2. Dentre os diferentes tipos de membranas utilizadas no tratamento de água, destacam-se as membranas


de microfiltração, ultrafiltração, nanofiltração e a de osmose reversa. Tais membranas podem ser diferen-
ciadas pelo diâmetro dos poros e resistência à pressão que promove a separação dos contaminantes. As
membranas de osmose reversa são mais seletivas, e as de microfiltração são as menos seletivas. A depo-
sição de material em suspensão sobre a superfície da membrana ocasiona a formação da torta, podendo
ocorrer o acúmulo da solução na região, contribuindo com a resistência devido à formação de um gel. Uma
problemática relacionada ao uso de membranas no tratamento de efluentes está relacionada ao acúmulo
de substâncias na superfície da membrana, ocasionando o fouling ou entupimento da membrana. Para
solucionar tal problema, limpezas devem ser incorporadas ao sistema de operação como forma de prevenir
o fouling. A filtração por membranas é um método eficiente para redução de DQO, entretanto, amostras
com elevado teor de matéria orgânica ocasionam o fouling da membrana e reduzem drasticamente o fluxo
de permeado. Tal fato dificulta a utilização de membranas em escala industrial.

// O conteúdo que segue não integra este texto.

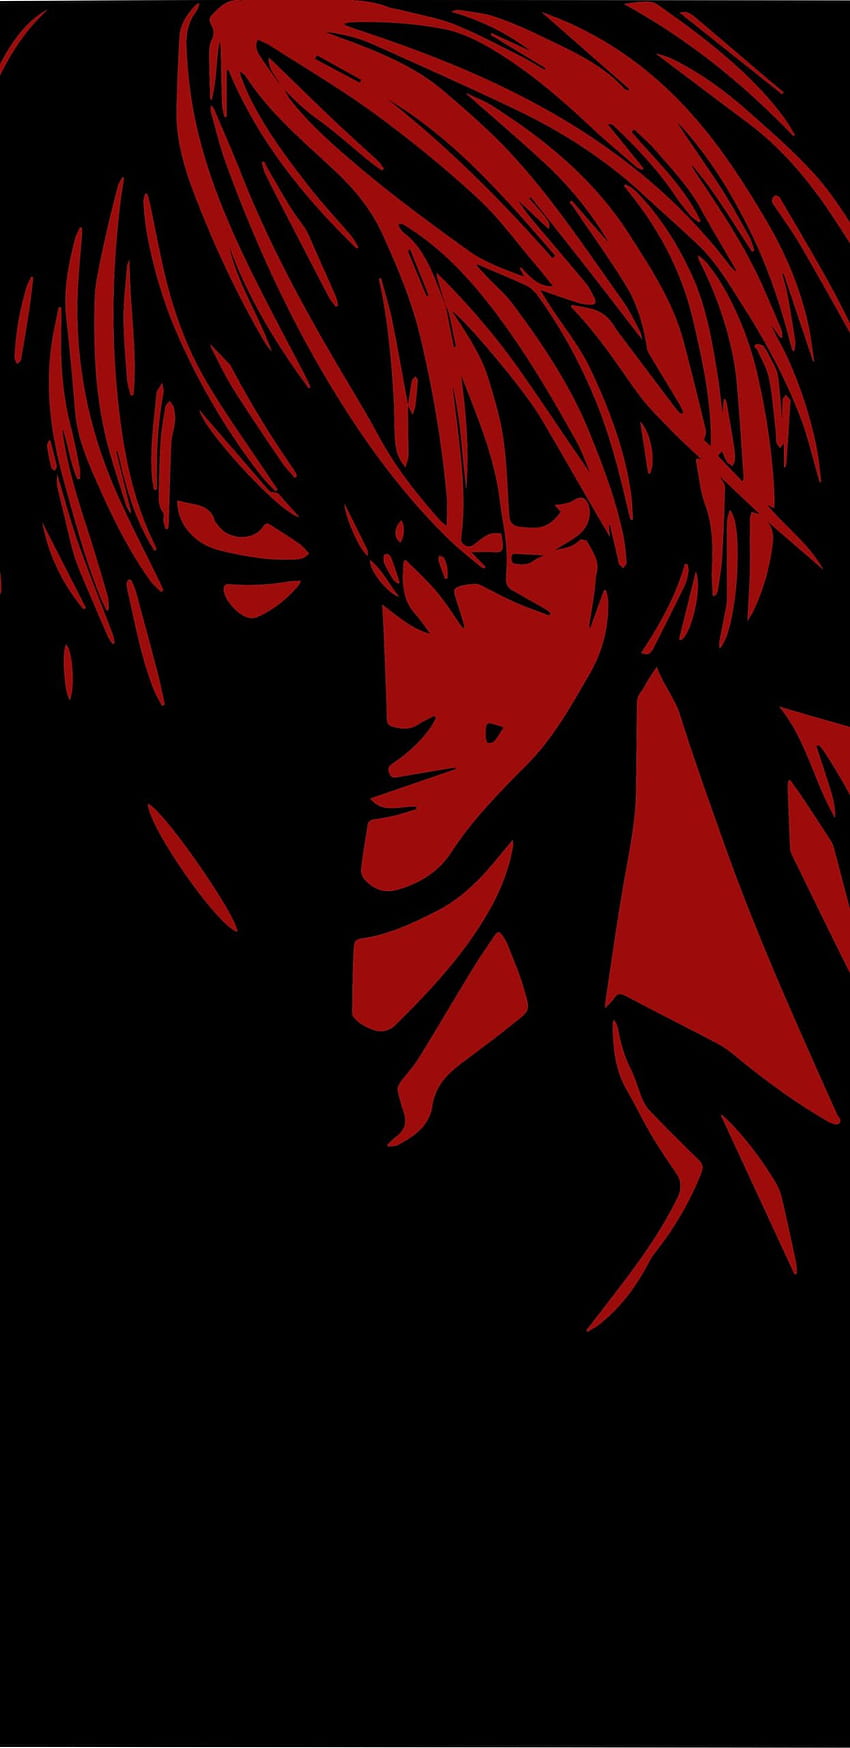 Light Yagami di Death Note Anime 17, Death Note Aesthetic wallpaper ponsel HD

3. Em todos os tipos de tratamento secundário citados, é necessário fazer a gestão adequada do lodo gerado,
sendo que o lodo resultante da atividade biológica, eventualmente e conforme a necessidade, deverá ser
retirado da lagoa em que estiver sendo aplicado, preferencialmente quando sua atividade biológica for
reduzida devido à intensa utilização. Antes de seu descarte, todo esse lodo residual deverá ser tratado
antes de receber uma destinação final adequada.